-- Opening Marker --

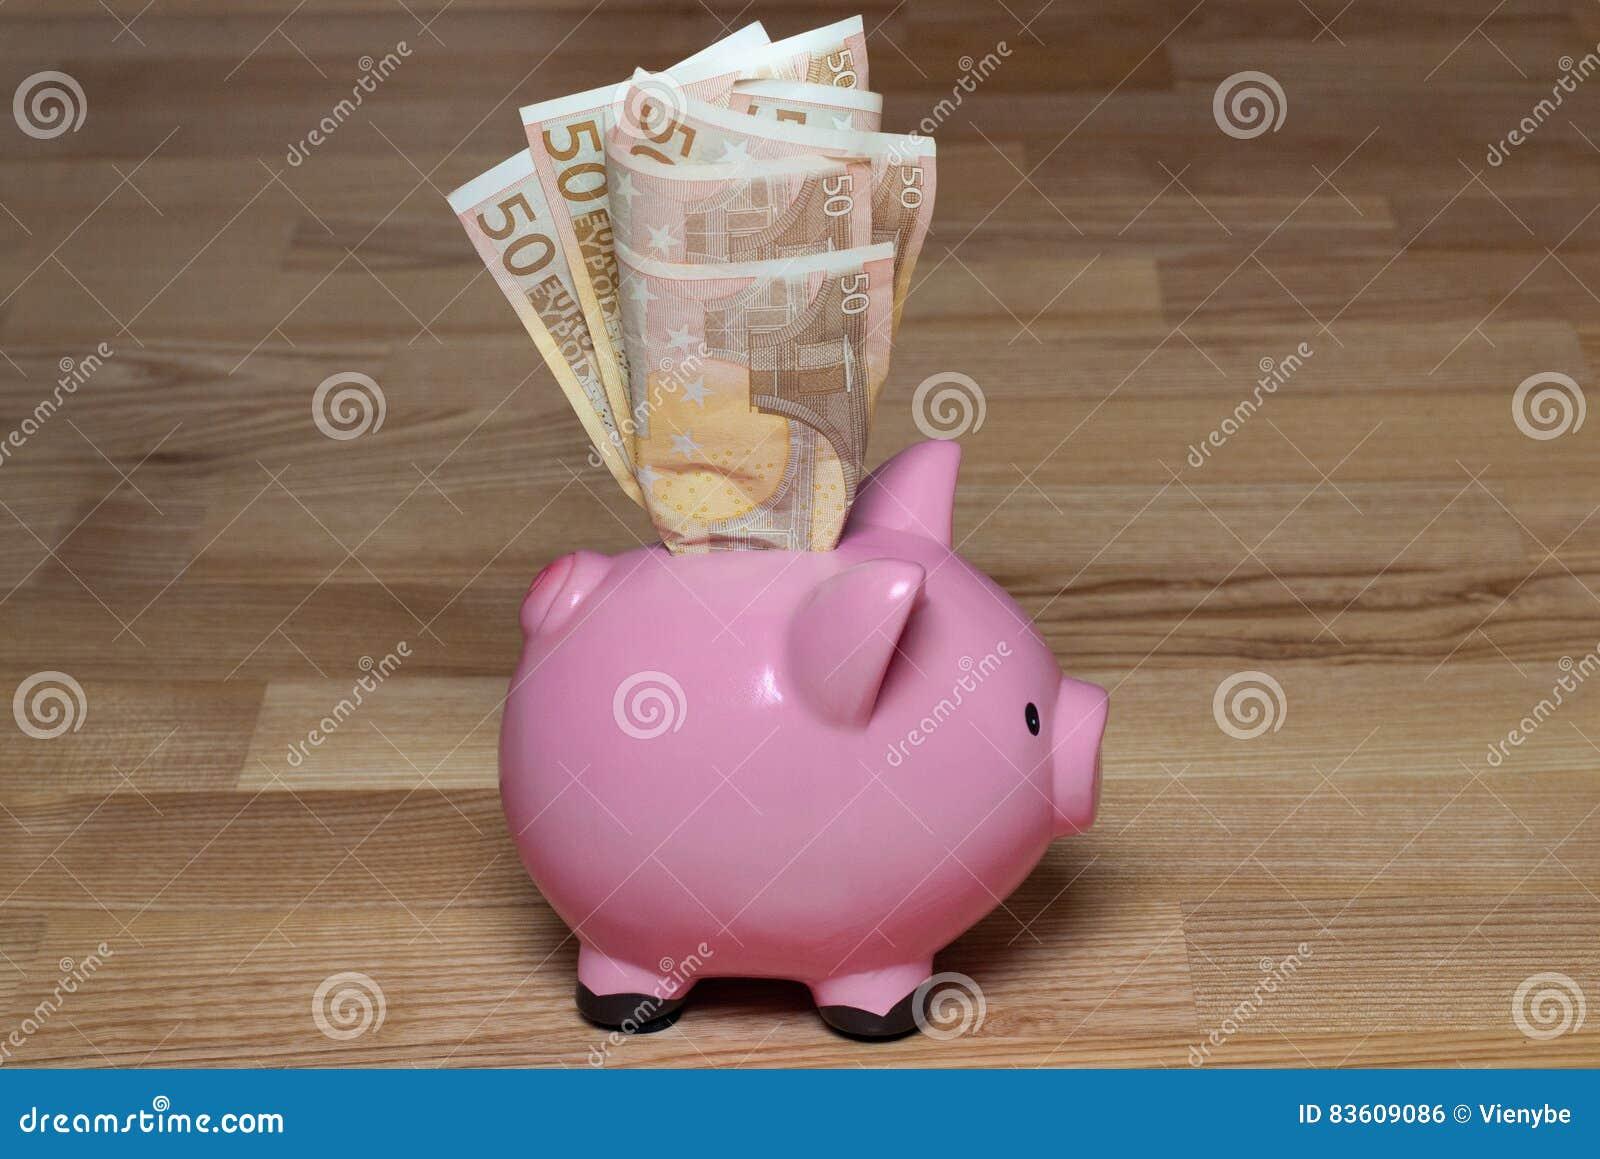 Batería guarra con euros
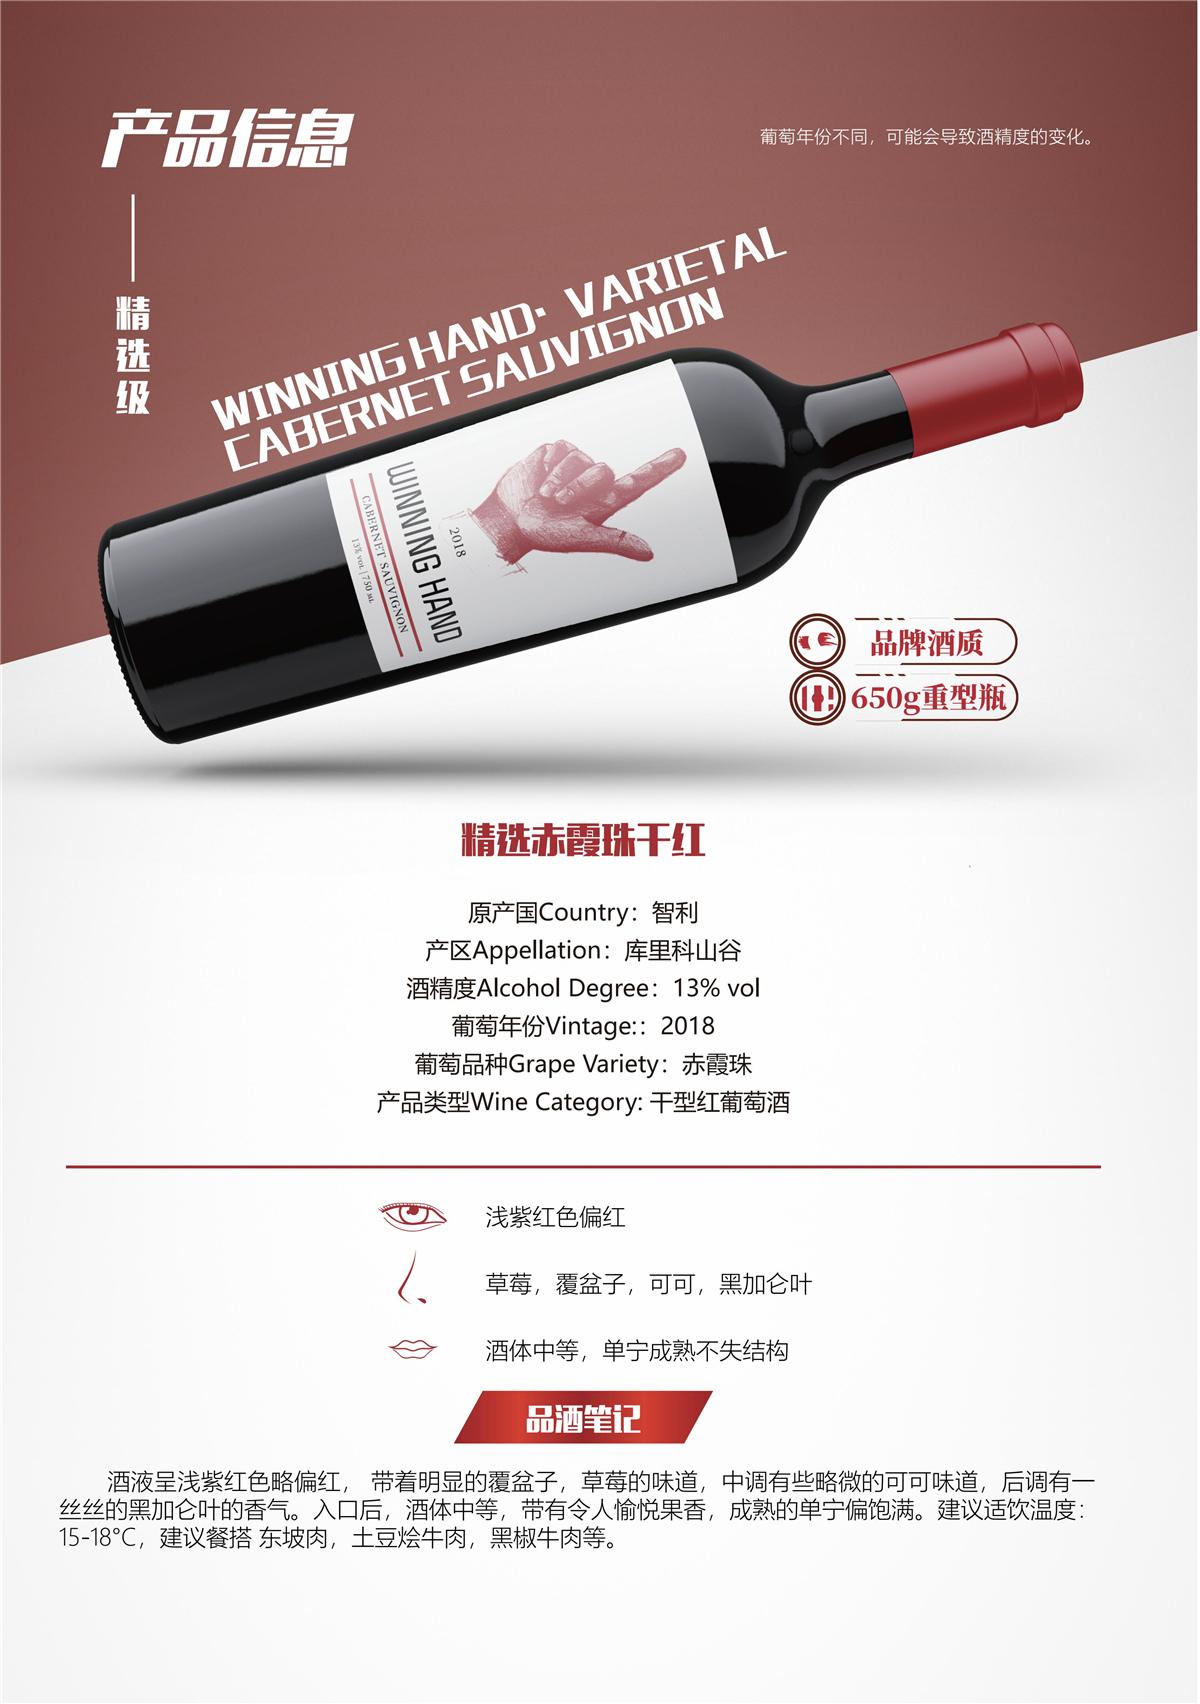 智利库里科谷凯旋之手精选赤霞珠干红葡萄酒红酒
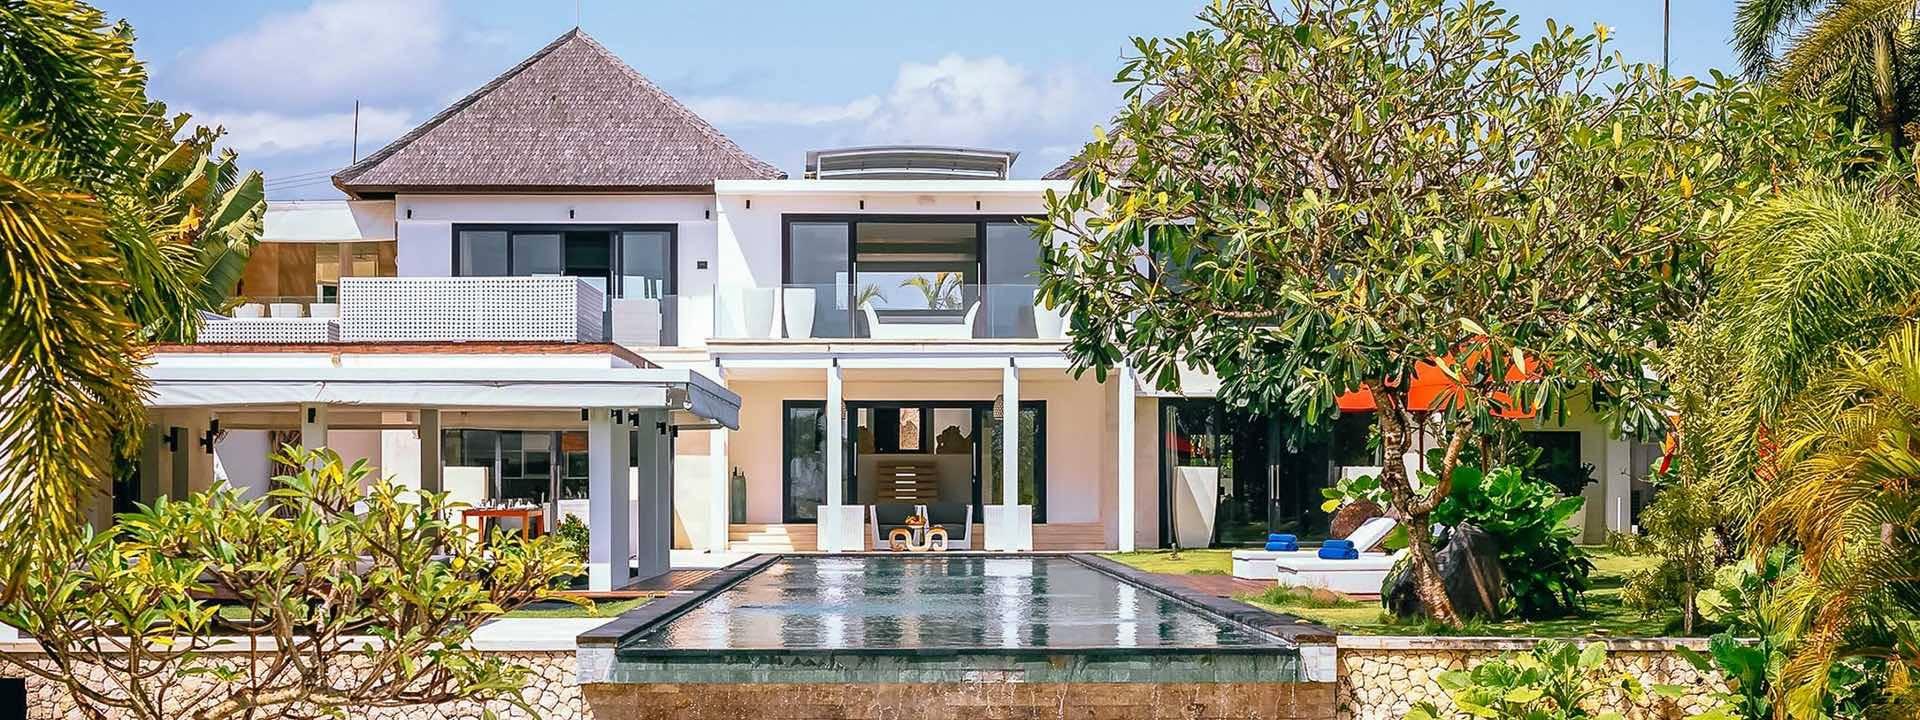 巴厘岛,欧姆菩提别墅热带庄园,见证巴厘最美落日
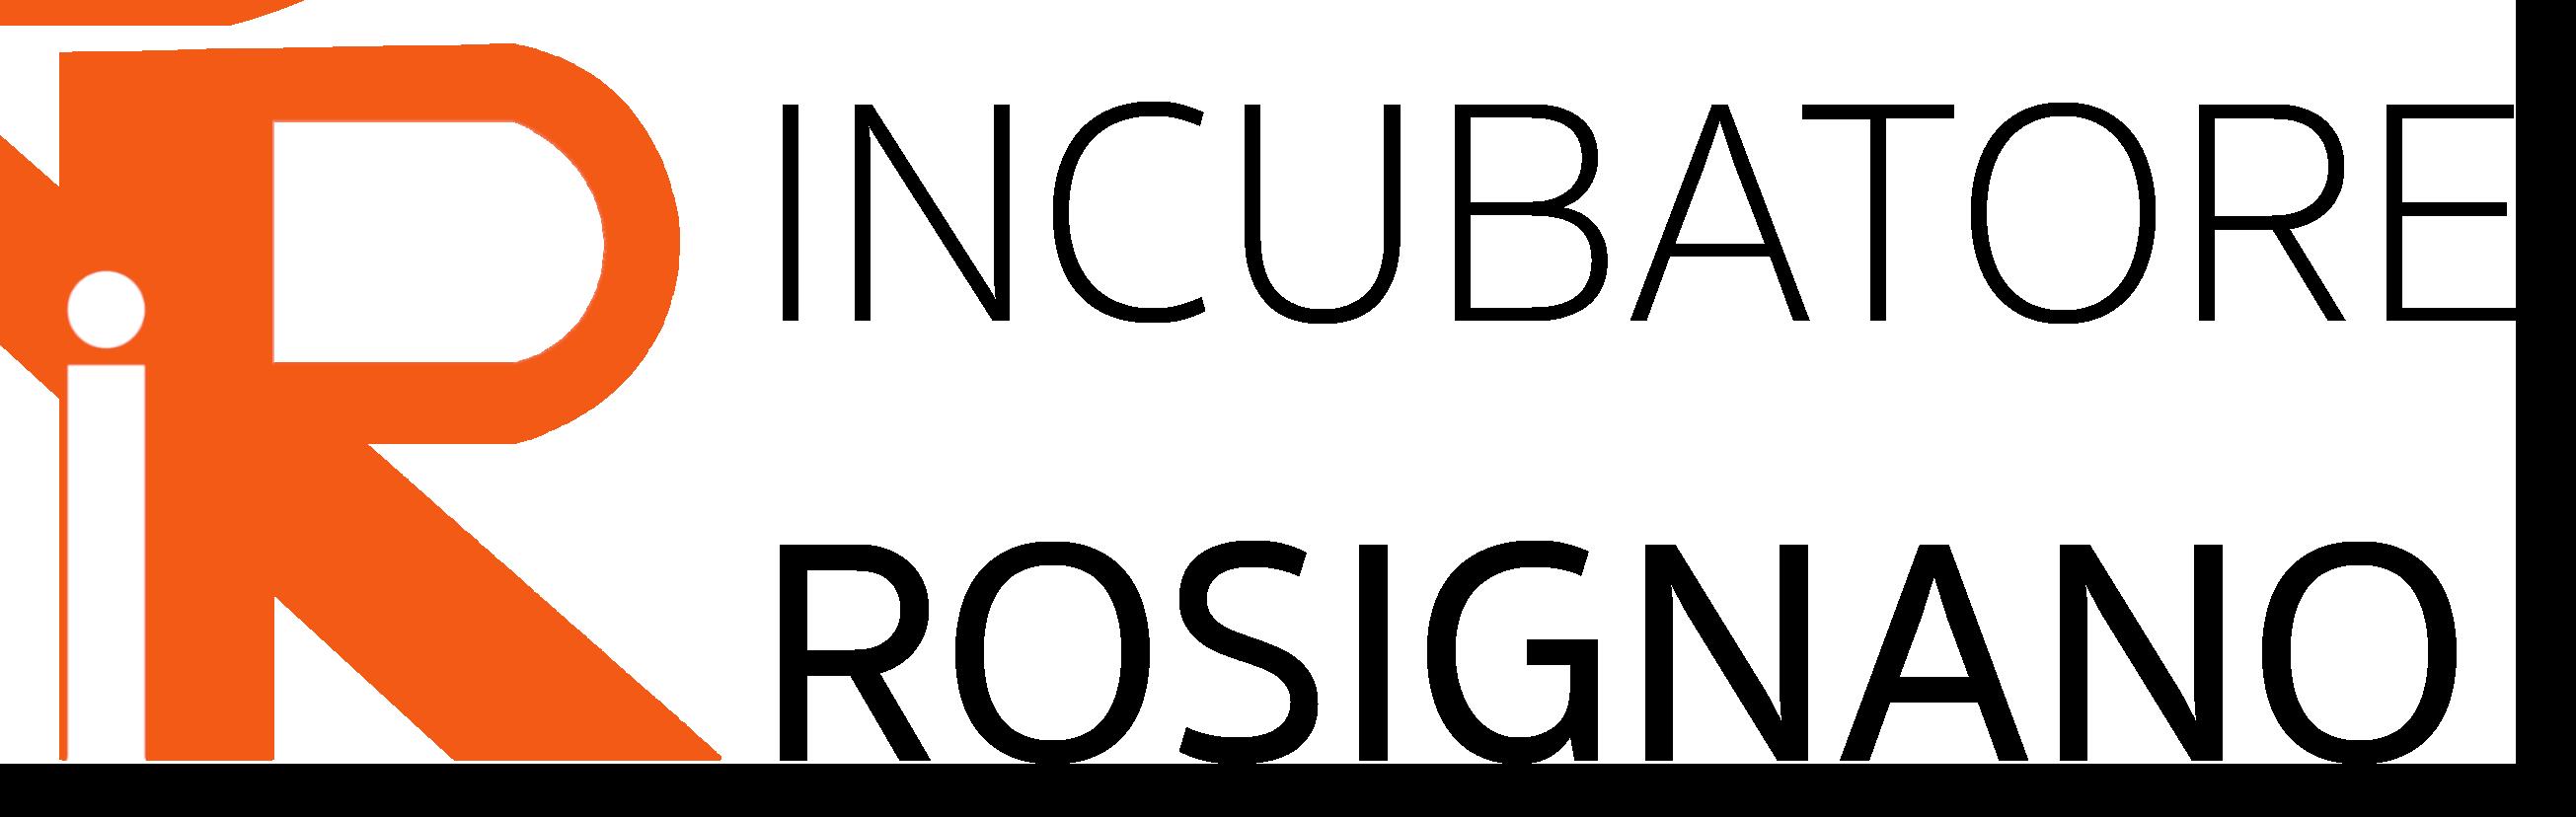 Incubatore Rosignano

-- Closing Marker --

→ TASK PROMPT
Would you please transcribe the listing in full, exactly, while omitting the images?

→ RESPONSE TO THIS EXERCISE
 Batería guarra con euros
 智利库里科谷凯旋之手精选赤霞珠干红葡萄酒红酒
 巴厘岛,欧姆菩提别墅热带庄园,见证巴厘最美落日
 Incubatore Rosignano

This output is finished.